Потом я покопался в памяти и решил, что нет, еще бессмысленнее была подневольная уборка листьев в осеннем лесу.
А еще, совсем потом, я остановился на шлюпочном походе, организованном нашей военно-морской кафедрой.
К своему стыду, я не умею грести. Так уж сложилась жизнь: некому было меня научить, и лодки не было, и надобности в ней тоже, и желания заодно. Поэтому военно-морское распоряжение участвовать в коллективном шлюпочном походе по Большой Невке повергло меня в панику.
Военно-морская кафедра вообще была горазда на всякие штуки. Один раз велели написать реферат, и мне досталась тема «Гангутская победа русского флота». Ни о чем таком я не имел представления, и только в библиотеке, изнеможенно матерясь, узнал все подробности этого славного геополитического сражения. Написал реферат крупными буквами, с интервалом между строчками сантиметров в пять.
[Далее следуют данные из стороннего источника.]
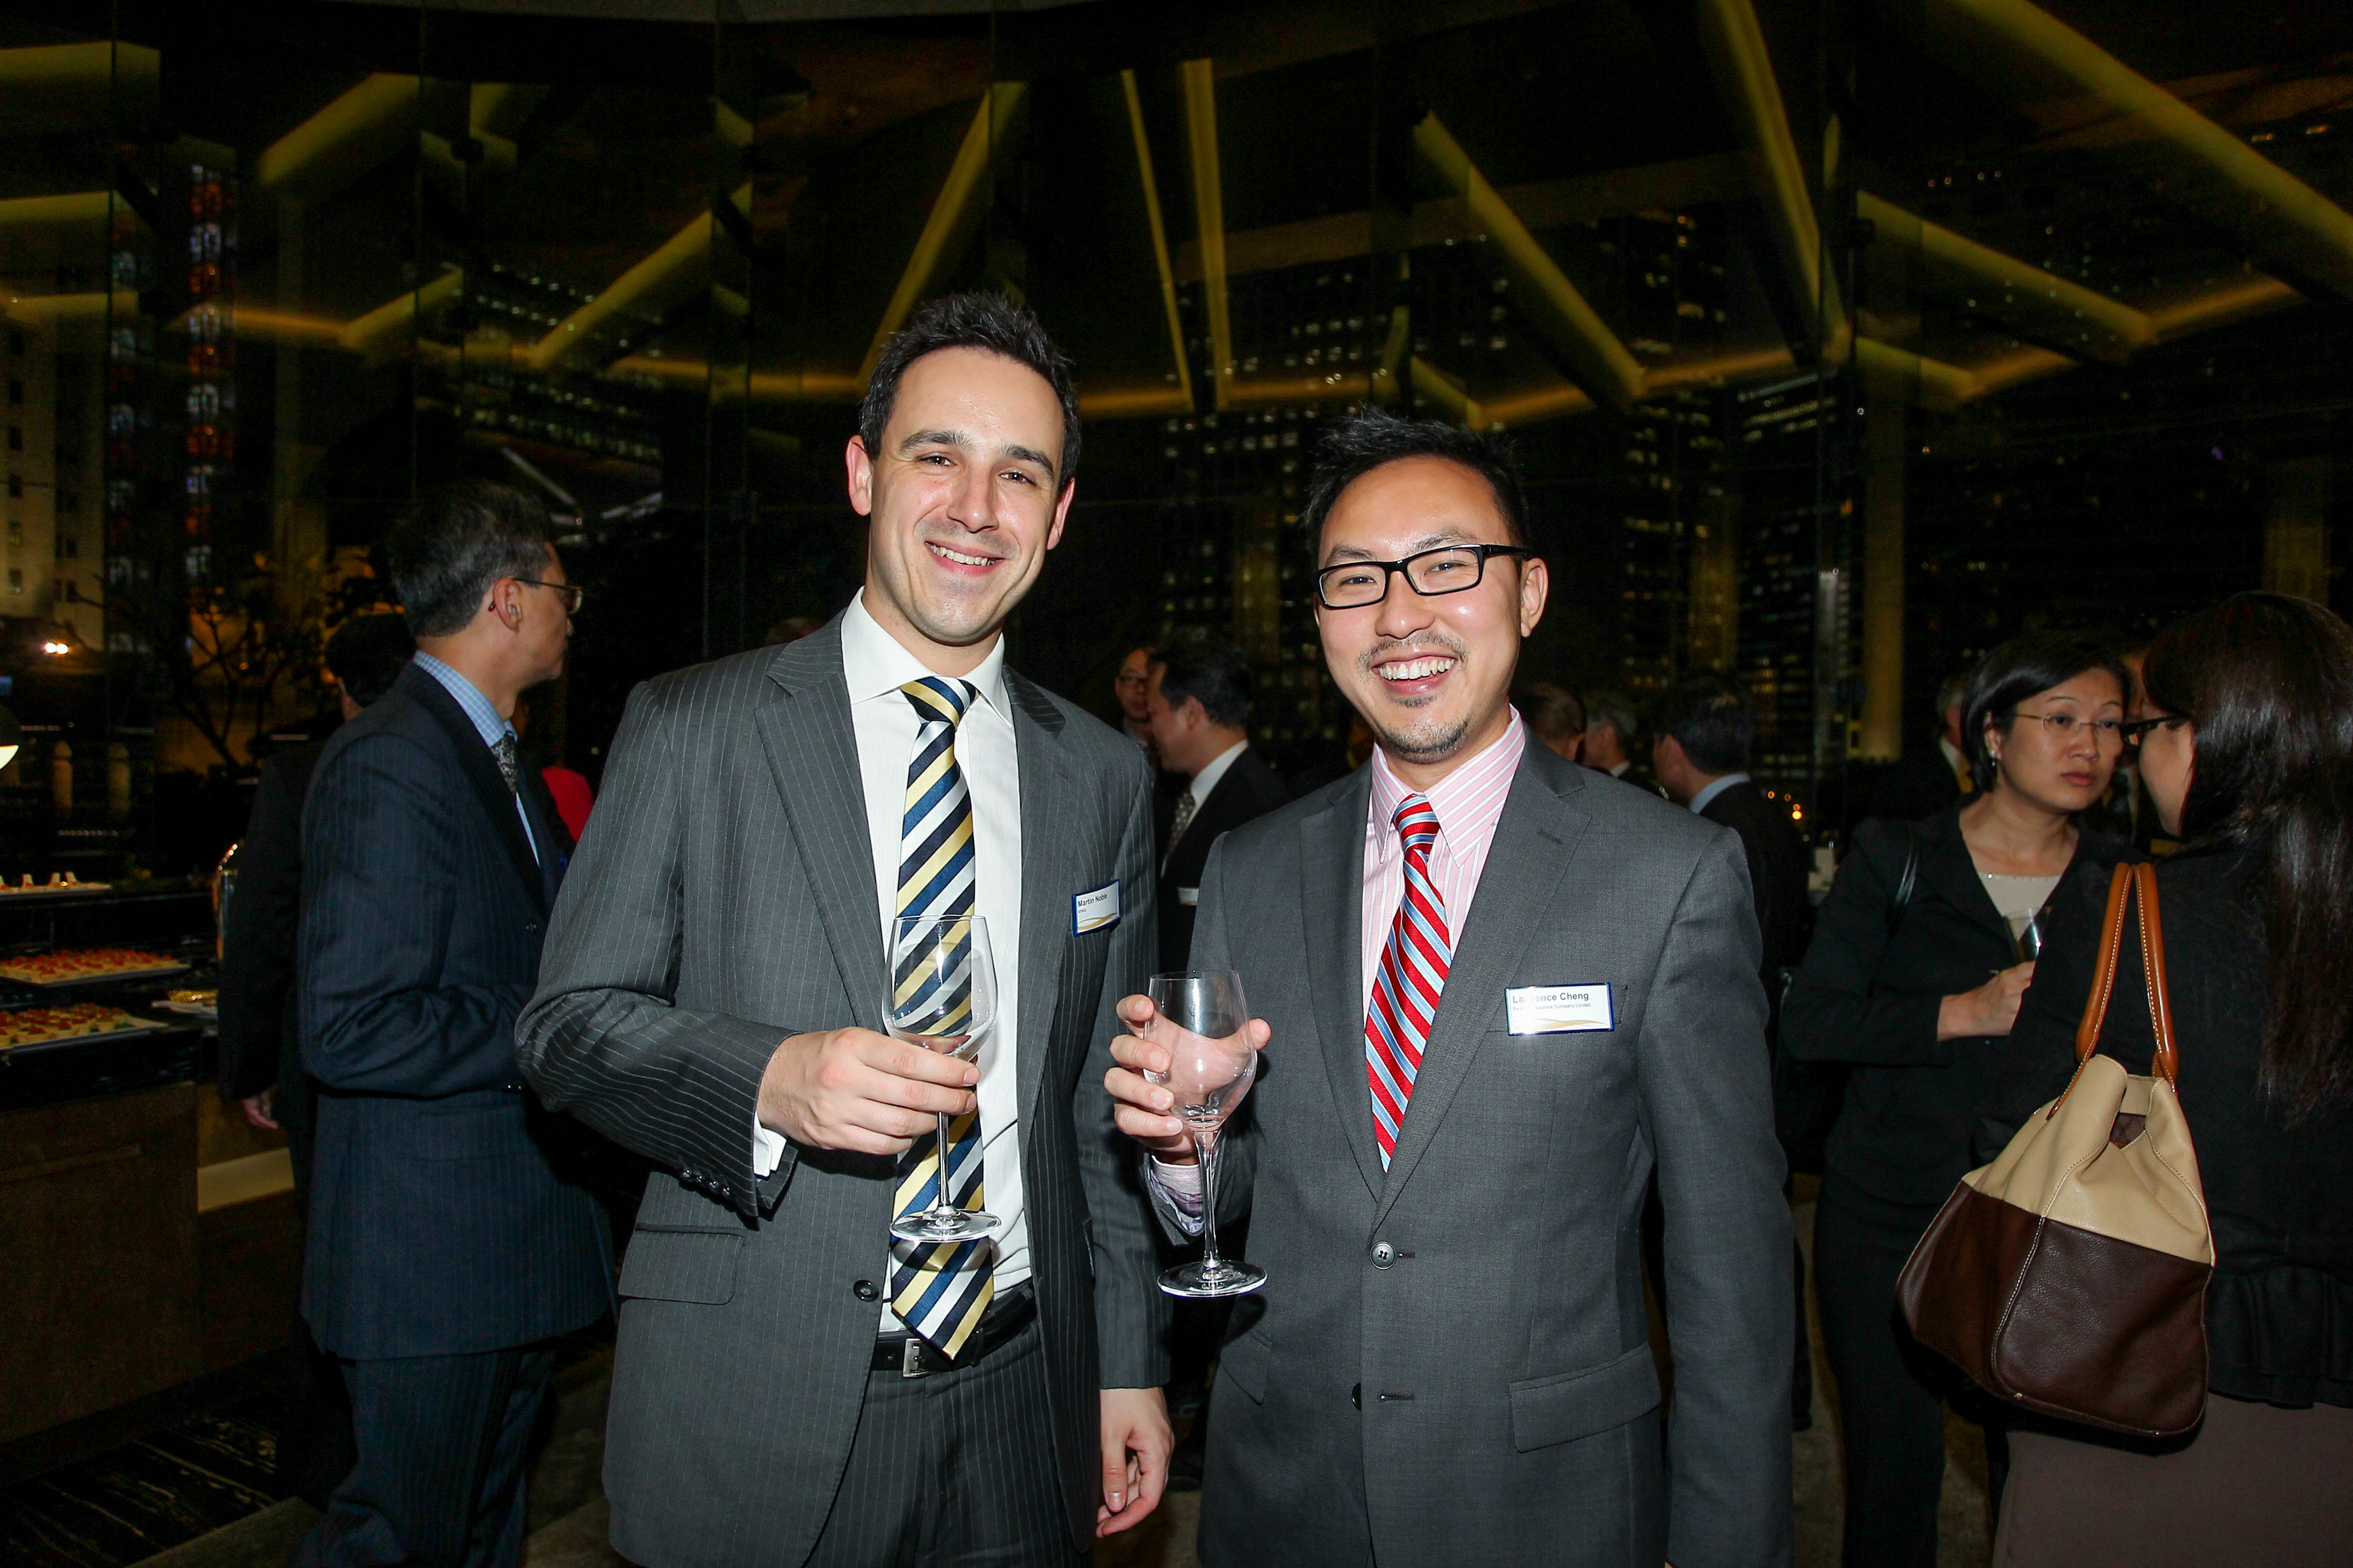 HKFI Annual Reception 2013 (1)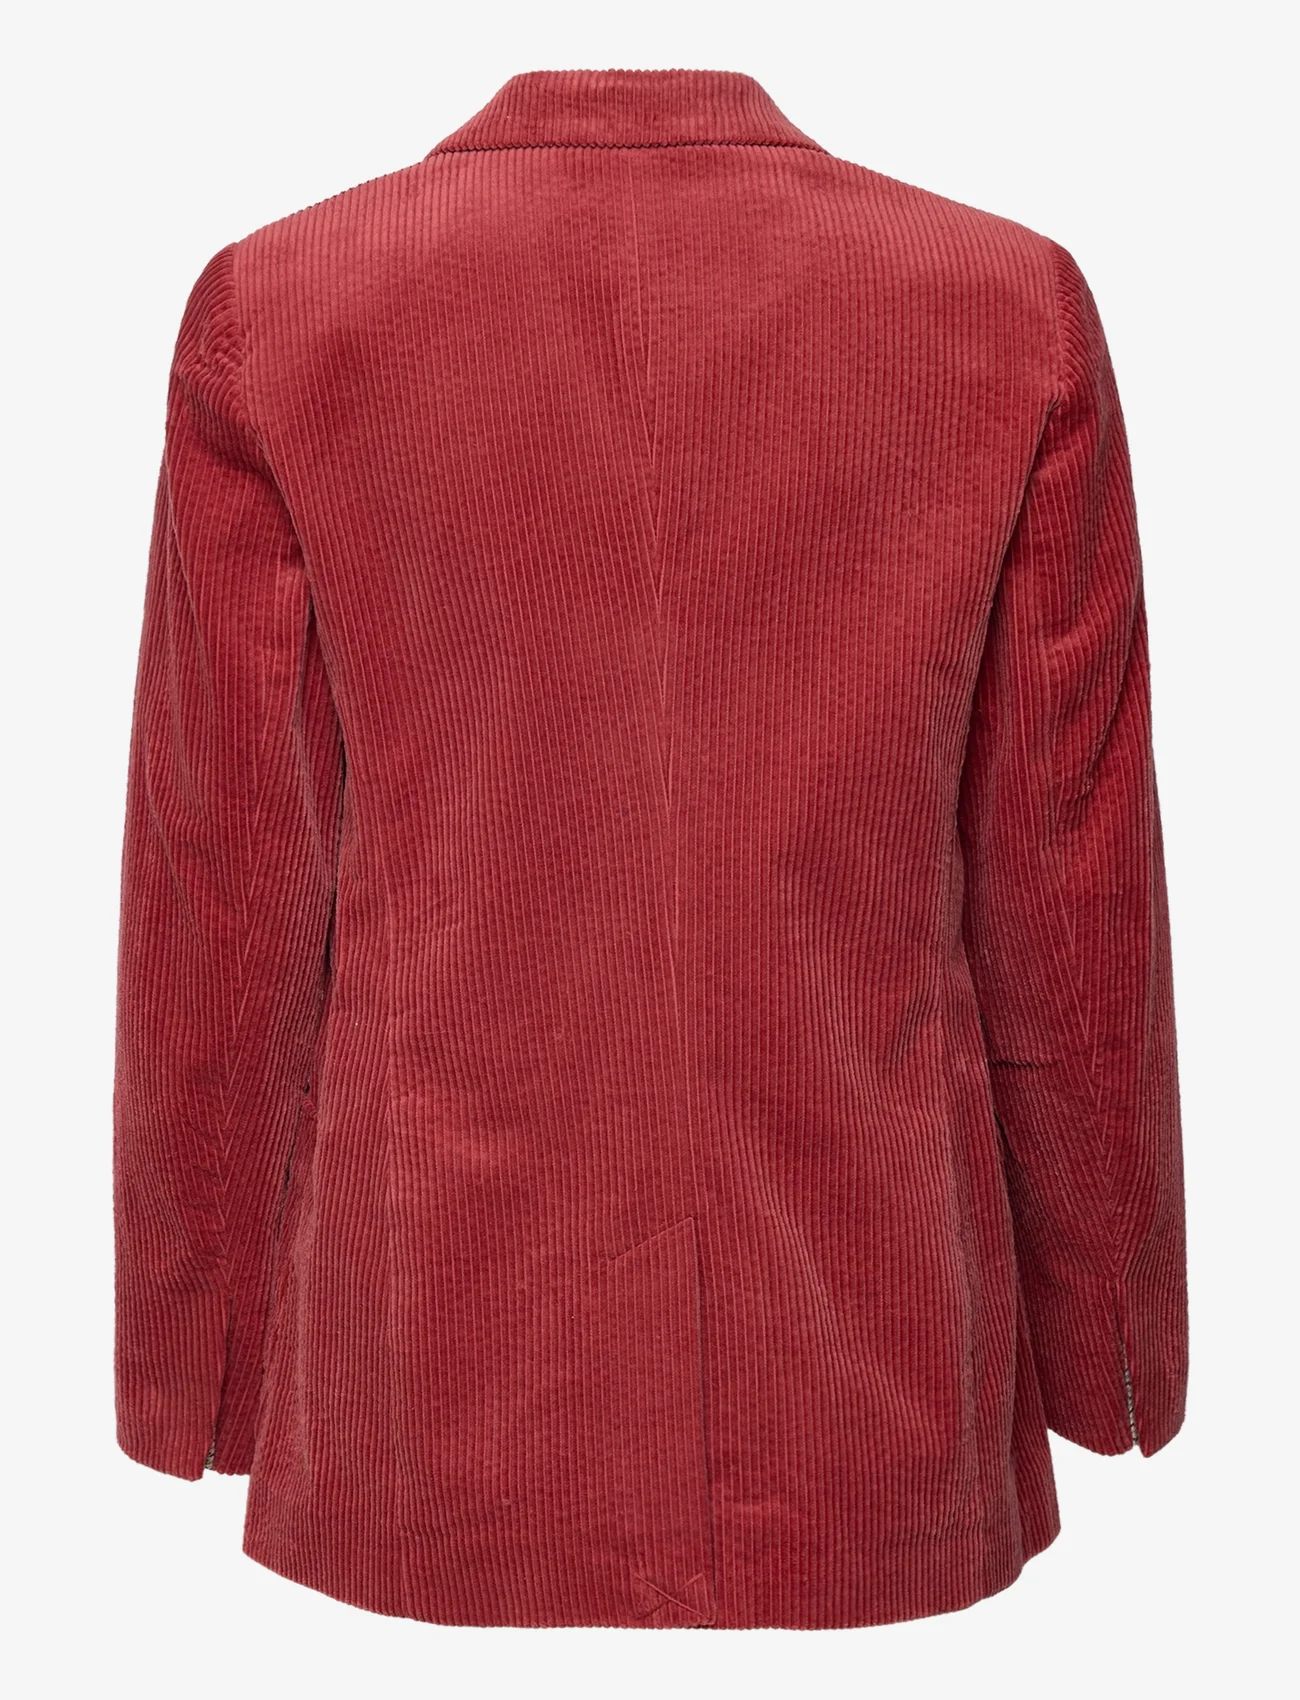 Esprit Casual - Corduroy blazer, 100% cotton - festmode zu outlet-preisen - terracotta - 1

Нарисовал цветными карандашами схему: море, корабли – вражеские и наши. Протянул алую ленточку, сплел бантик. Сдал.
И вот извольте: новая напасть – поход. В этом подходе требовалось единение, чувство локтя. Грести предстояло не в одиночку, а скопом, по шесть или семь, или восемь – не помню – гребцов с каждого борта. И я мог запросто подвести всех. Обиднее всего было то, что я напрочь не понимал связи между нашей военной доктриной и одноразовым шлюпочным проходом под Ушаковским мостом.
Бог косо посмотрел на меня с недостижимых высот, и я сделался рулевым.
Немножко неприятно было под этим мостом, ничего не скажешь, но я вовремя потянул за веревочку – или за рычаг, холера с ним – и мы прошли, не задев моста.
Так что звание лейтенанта медицинской службы мне присвоили вполне заслуженно.
Дом Творческой Задумчивости
Три года назад я предпринял безуспешную попытку вступить в Союз Писателей (я пишу эти строки в июле 2004, и уже все в порядке). Вышла моя книжка, и я ее снес в качестве верительных грамот. Но меня зарубили – вернее, подвесили, так что я вишу до сих пор. До следующей книжки. Потому что критик Лурье сказал, что вообще не видит предмета для разговора. На то он и критик, я даже в мыслях не держал ему возразить. А Галине Гампер не понравилась рожа на обложке, которую нарисовал Горчев, хотя мне самому эта рожа очень нравится, и причем тут Гампер? Не пастушку же там рисовать. Сказала, что такую книжку неприятно положить на обеденный стол. Ну, так и не клади, нечего ей там делать.